Task brief:
Write each line below back out exactly, omitting its pictures.
##### Information supplied #####
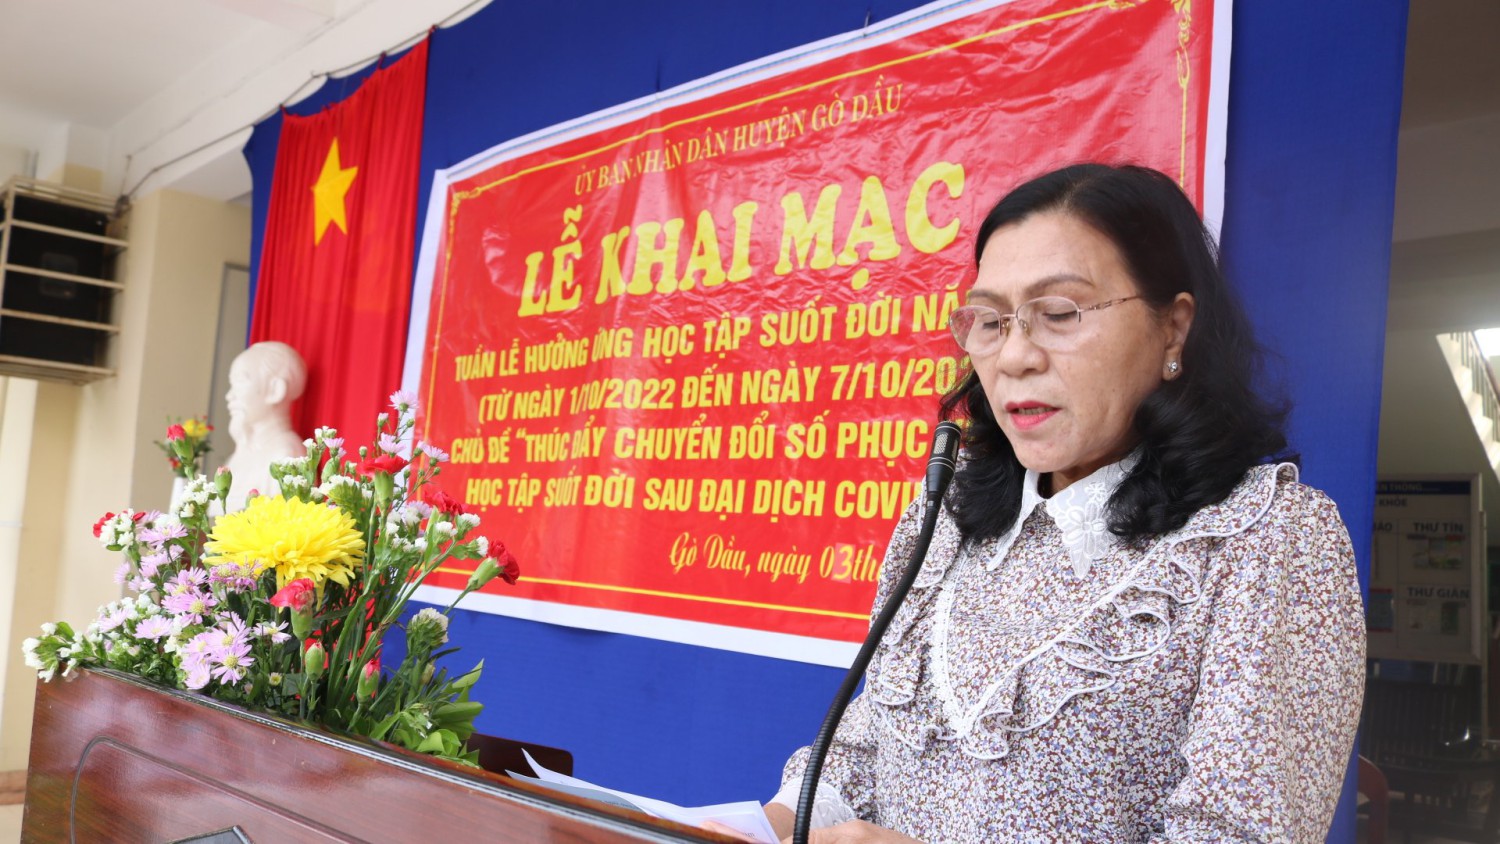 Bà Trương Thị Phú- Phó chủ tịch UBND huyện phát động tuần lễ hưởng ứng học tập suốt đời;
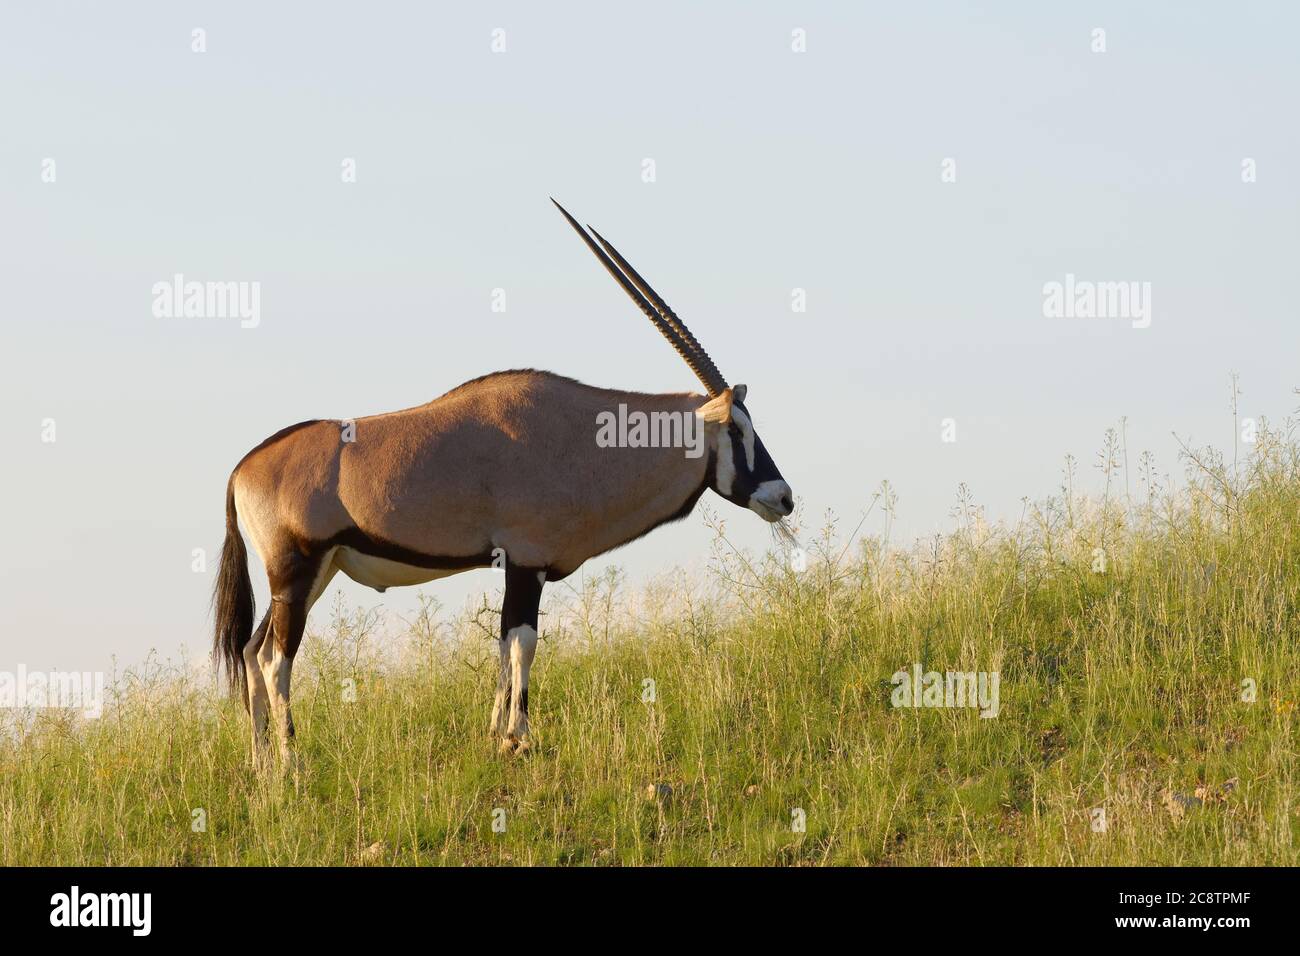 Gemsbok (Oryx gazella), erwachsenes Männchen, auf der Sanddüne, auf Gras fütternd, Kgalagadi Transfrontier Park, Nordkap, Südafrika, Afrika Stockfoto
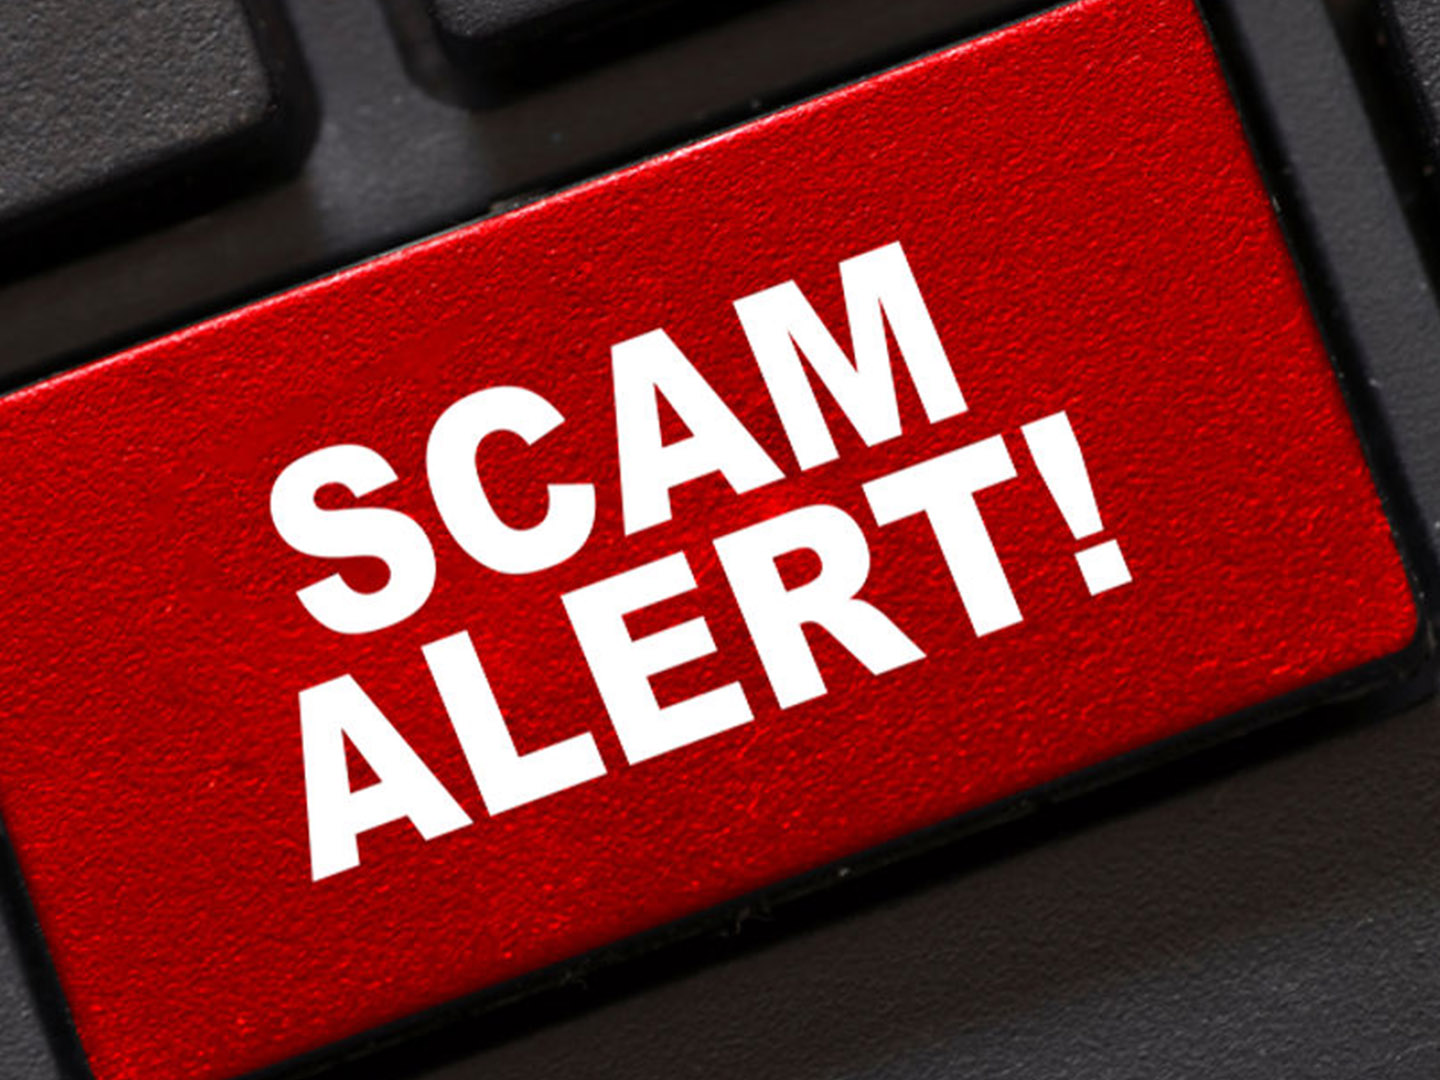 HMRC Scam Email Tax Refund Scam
#####
Expected answer:
 Bà Trương Thị Phú- Phó chủ tịch UBND huyện phát động tuần lễ hưởng ứng học tập suốt đời;
 Gemsbok (Oryx gazella), erwachsenes Männchen, auf der Sanddüne, auf Gras fütternd, Kgalagadi Transfrontier Park, Nordkap, Südafrika, Afrika Stockfoto
 HMRC Scam Email Tax Refund Scam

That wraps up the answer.